2. Передовой сводный

   Во главе передового сводного шел Волохов. Волохов очень скуп на слова, жесты и мимику, но он умеет хорошо выражать свое отношение к событиям или человеку, и отношение его всегда полно несколько ленивой иронии и безмятежной уверенности в себе. Эти качества в примитивных формах присутствуют у каждого хорошего хулигана, но, отграненные коллективом, онир сообщают личности благородный сдержанный блеск и глубокую игру спокойной, непобедимой силы. В борьбе нужны такие командиры, ибо они обладают абсолютной смелостью и абсолютно доброкачественными тормозами. Меня больше всего успокаивало то обстоятельство, что о Куряже и куряжанах Волохов даже не думал. Иногда, вызываемый неугомонной болтовней хлопцев, Волохов дарил неохотно и свою реплику:
   — Да бросьте о куряжанах этих! Увидите: из такого теста, как и все.

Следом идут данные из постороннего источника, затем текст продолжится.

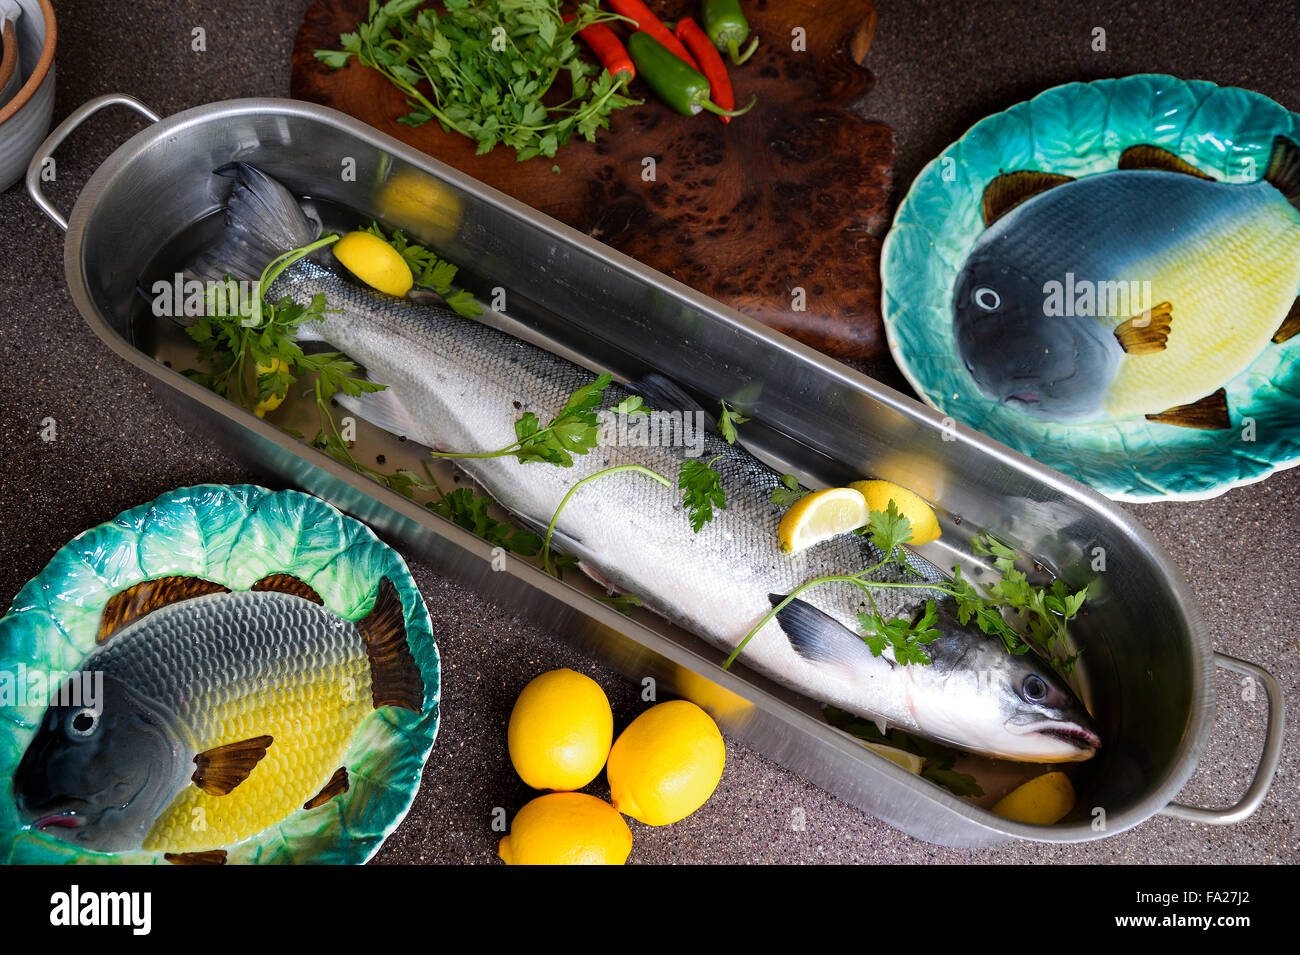 A whole fresh salmon prepared and ready to be cooked Stock Photo

   Это, однако, не мешало Волохову к составу передового сводного отнестись с чрезвычайной внимательностью. Он аккуратно, молчаливо обсасывал каждую кандидатуру и решал коротко:
   — Не надо!.. Легкого веса!
   Передовой сводной был составлен очень остроумно. Будучи сплошь комсомольским, он в то же время обьединял в себе представителей всех главных идей и специальных навыков в колонии. В передовой сводный входили:
   1. Витька Богоявленский, которому совет командиров, не желая выступать на фронте с такой богопротивной фамилией, переменил ее на новую, совершенно невиданного шика: Горьковский. Горьковский был худ, некрасив и умен, как фокстерьер. Он был прекрасно дисциплинирован, всегда готов к действию и обо всем имел собственное мнение, а о людях судил быстро и определенно. Главным талантом Горьковского было видеть каждого хлопца насквозь и безошибочно оценивать его настоящую сущность. Вместе с тем Витька никогда не распылялся, и его представление об отдельных людях немедленно им синтезировалось в коллективные образы, в знанаие групп, линий, различий и типических явлений.

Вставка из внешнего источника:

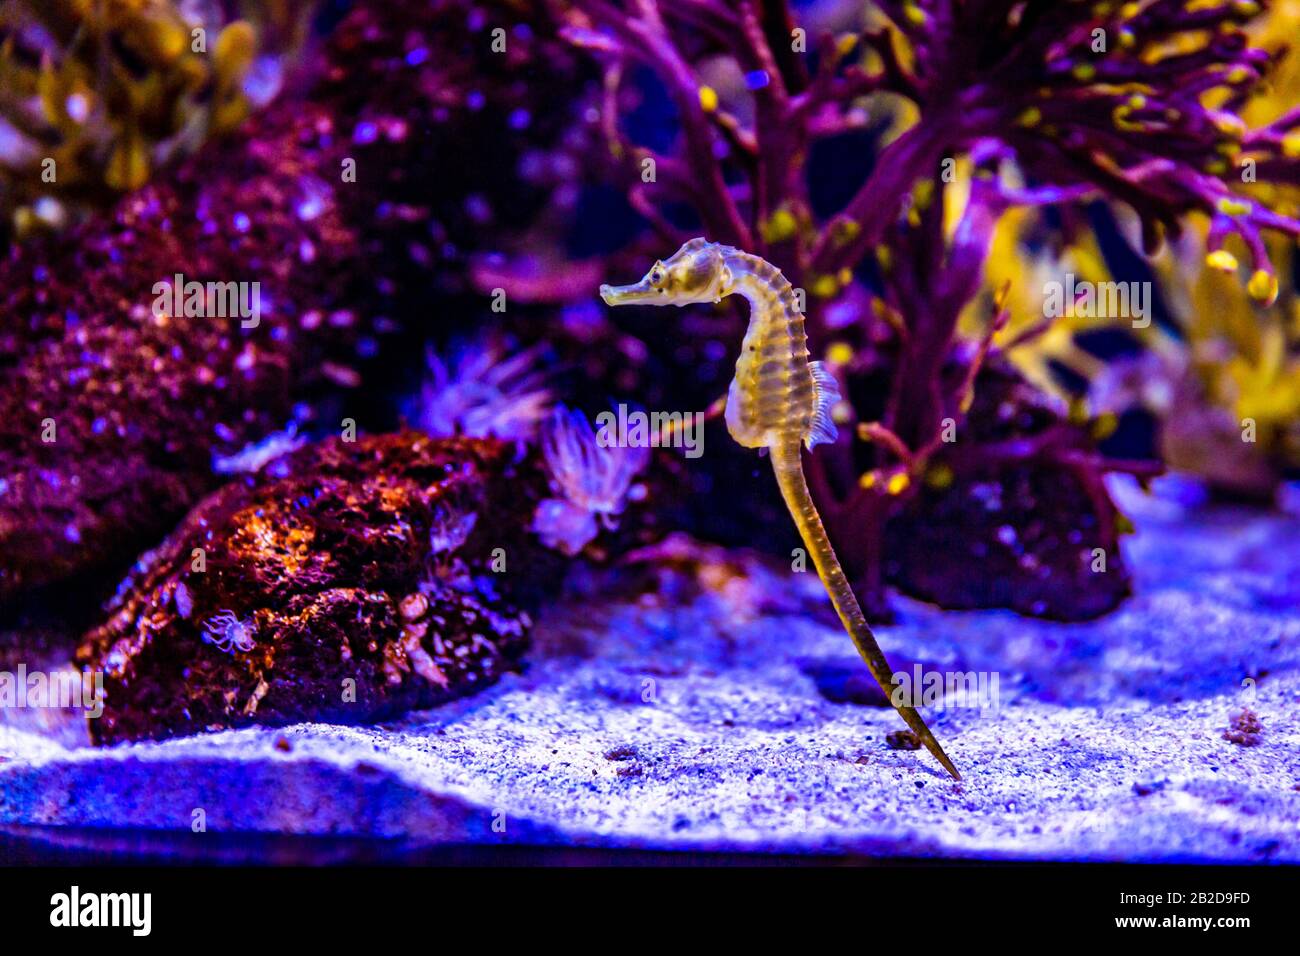 Potbelly Seahorse in Aquarium tank, with purple coral reef in background Stock Photo

   2. Митька Жевелий — старый наш знакомый, самый удачный и красивый выразитель истинного горьковского духа. Митька счастливо вырос и сделался чудесно стройным юношей с хорошо посаженной, ладной головой, с живым черно-брильянтовым взглядом несколько косо разрезанных глаз. В колонии всегда было много пацанов, которые старались подражать Митьке и в манере энергично высказываться с неожиданным коротким жестом, и в чистоте и прилаженности костюма, и в походке, и даже в убежденном, веселом и добродушном патриотизме горьковца. В нашем перезде в Куряж Митька видел важное дело большого политического значения, был уверен, что мы нашли правильные формы «организации пацанов» и для пользы пролетарской республики должны распостранять нашу находку.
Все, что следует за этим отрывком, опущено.